##### COLLECTED DATA #####

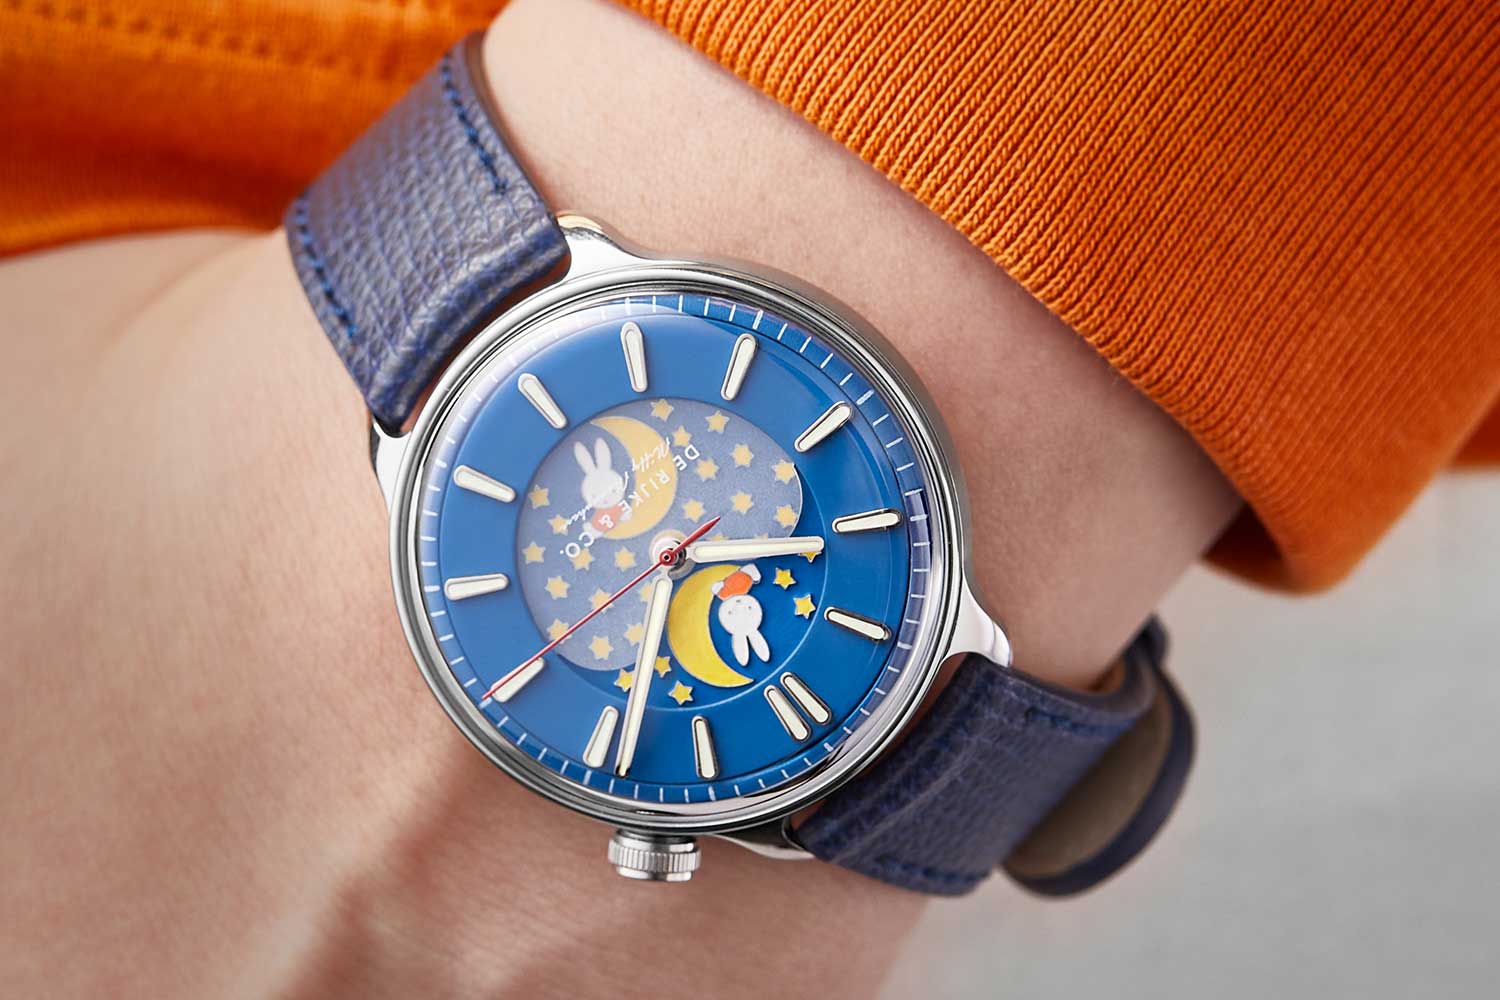 Harking to Miffy’s role as a bedtime story character for children, Miffy appears in the watch on a specially designed moonphase indicator.
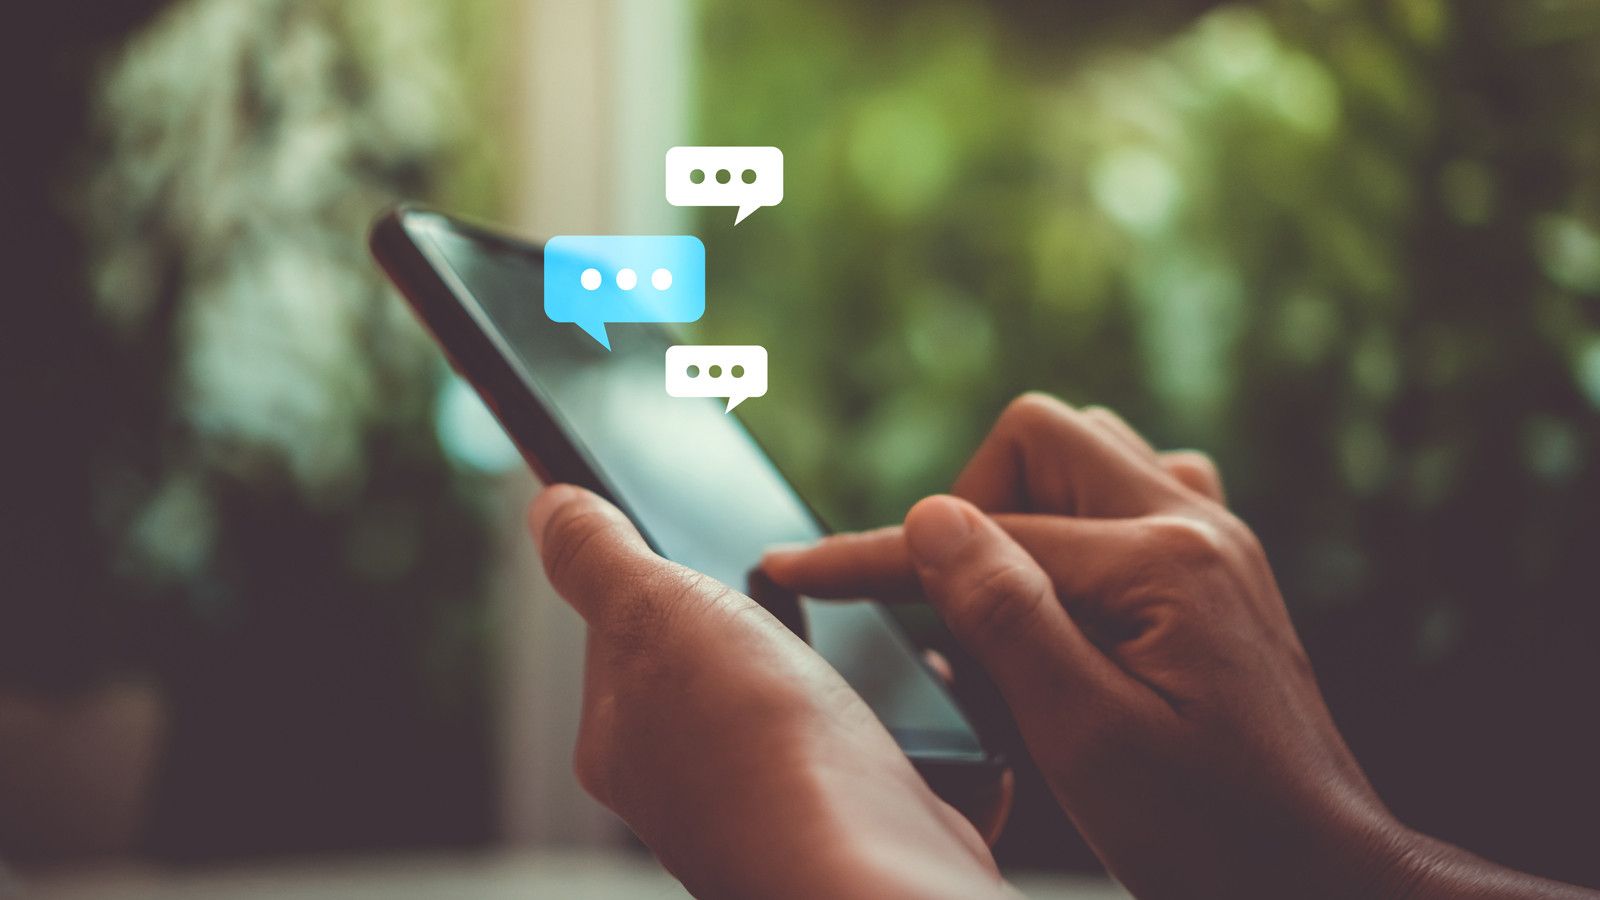 customer experience chatbot
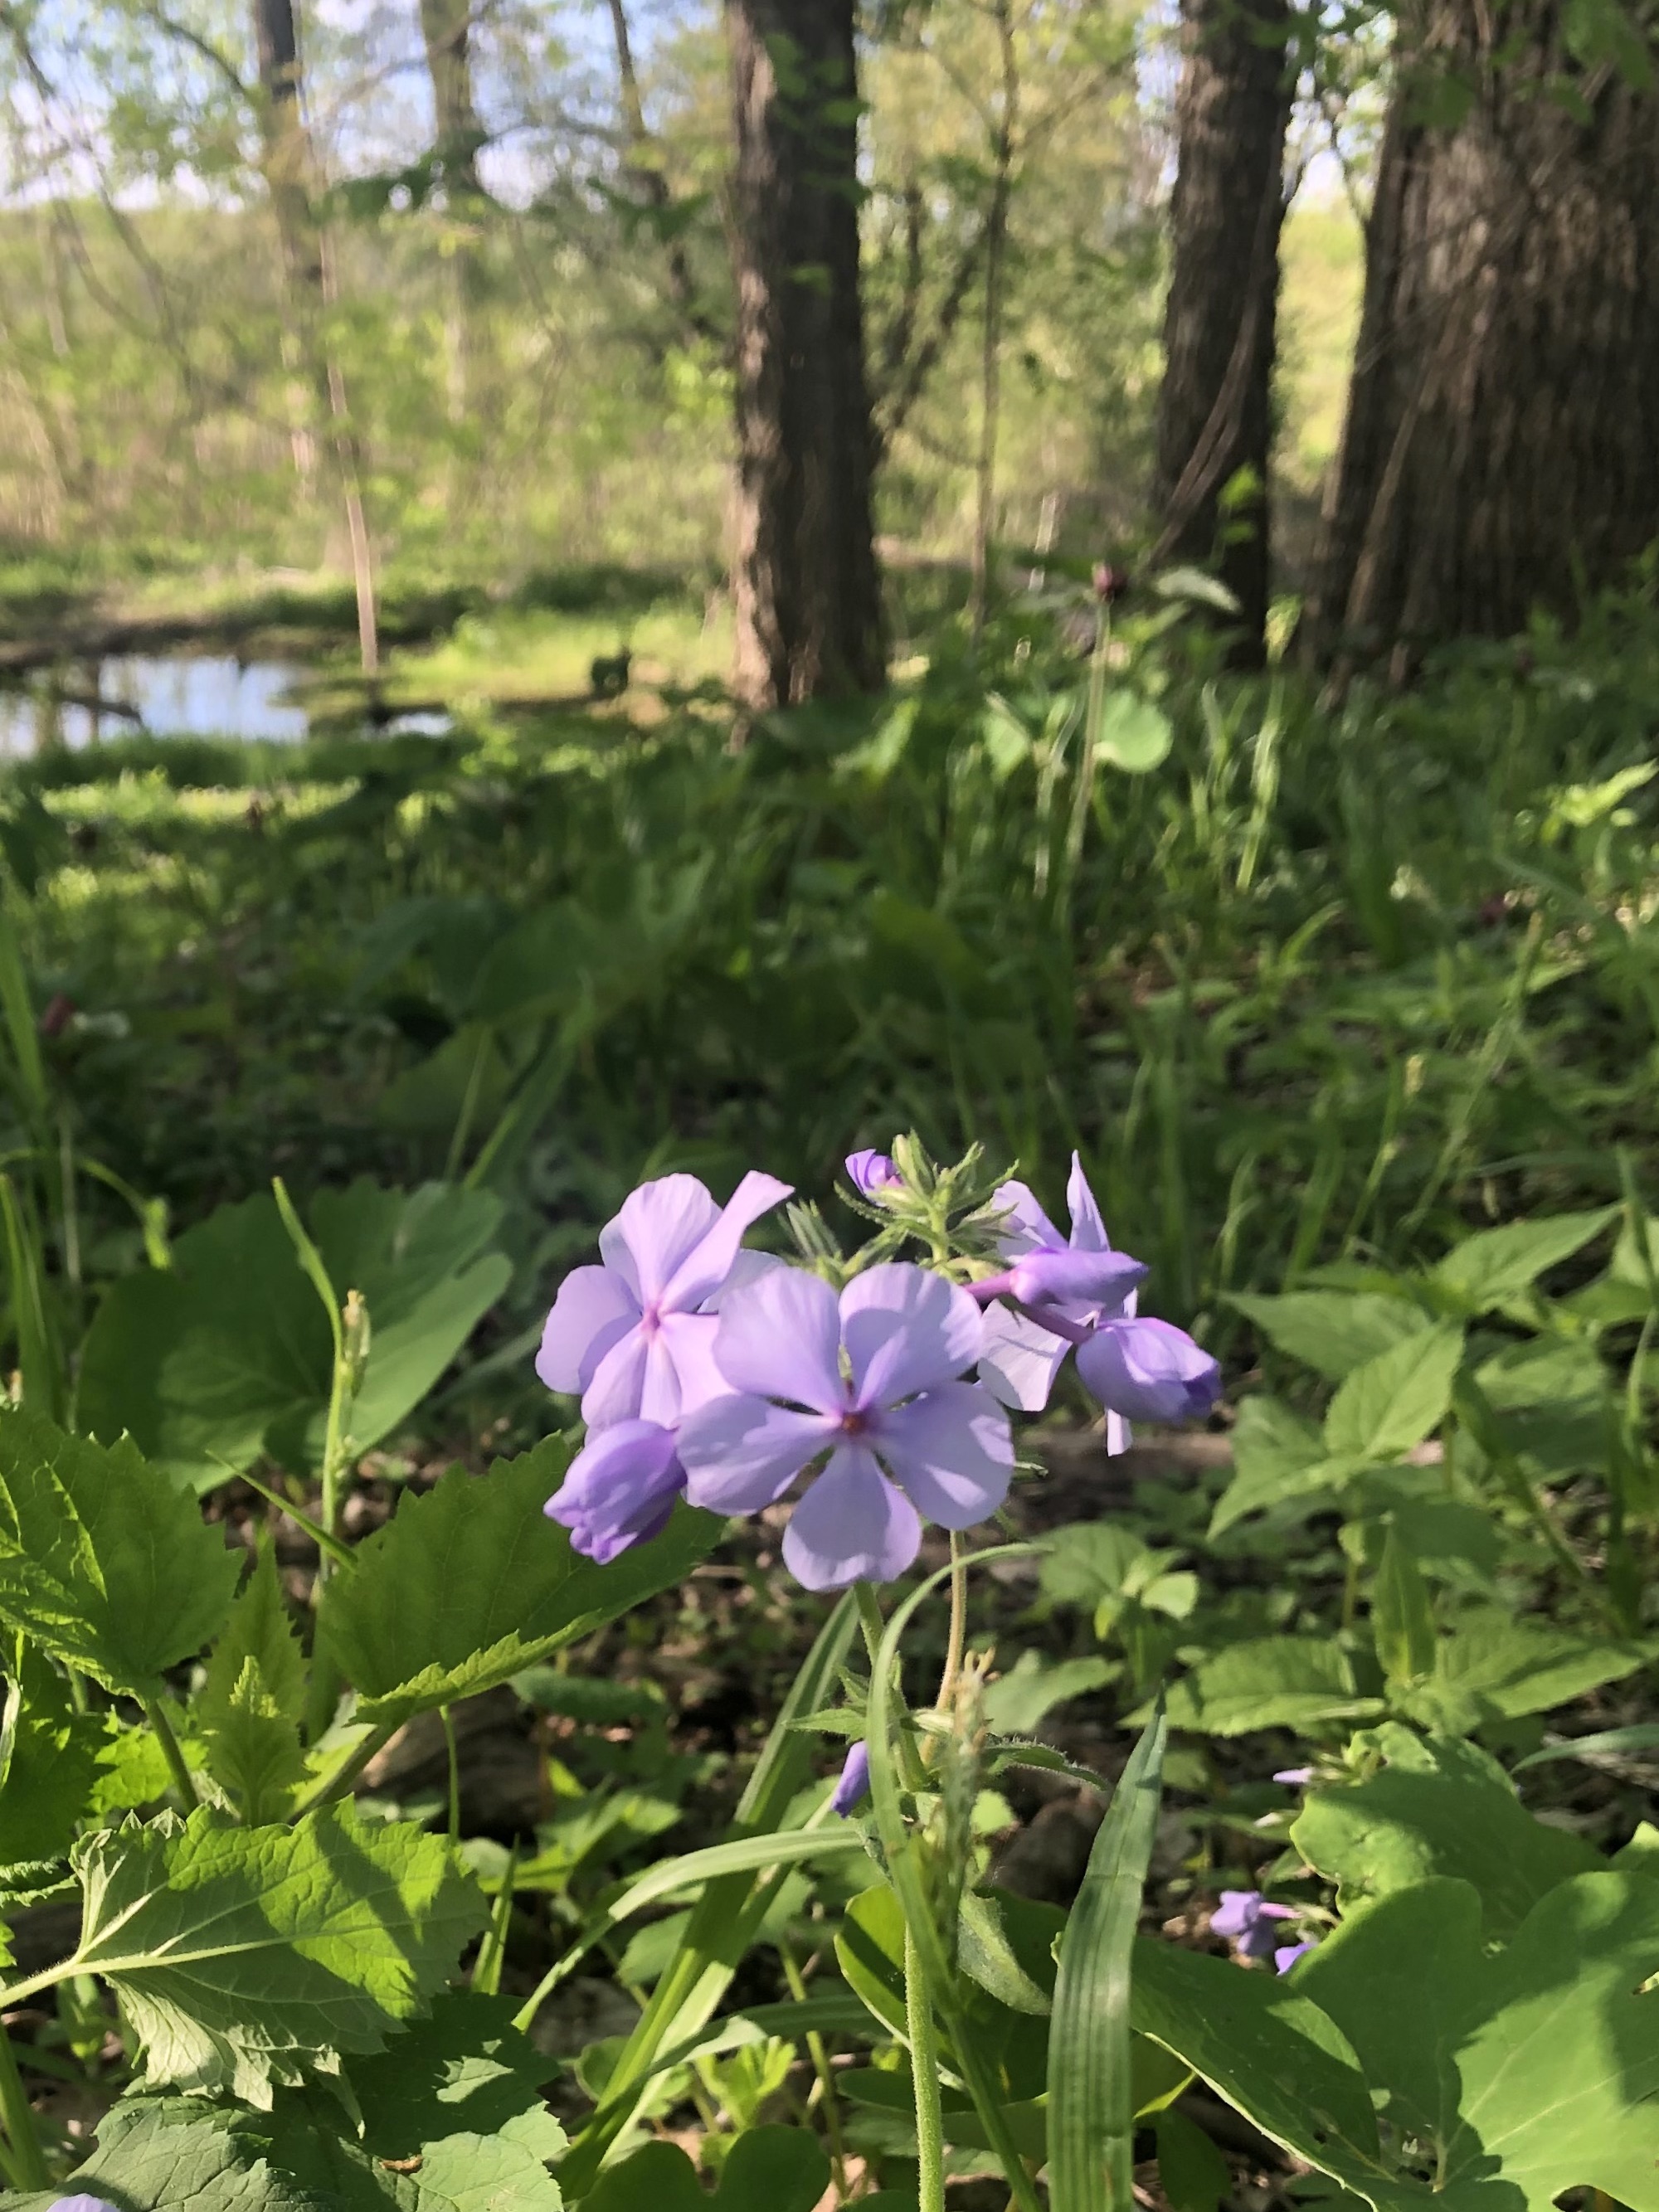 Woodland Phlox by Council Ring in Oak Savanna in Madison, Wisconsin  on May 15, 2022.

#####

Please write out the lines above exactly, from the one that contains "customer experience chatbot" through the final line, and include none of the pictures.

 customer experience chatbot
 Woodland Phlox by Council Ring in Oak Savanna in Madison, Wisconsin  on May 15, 2022.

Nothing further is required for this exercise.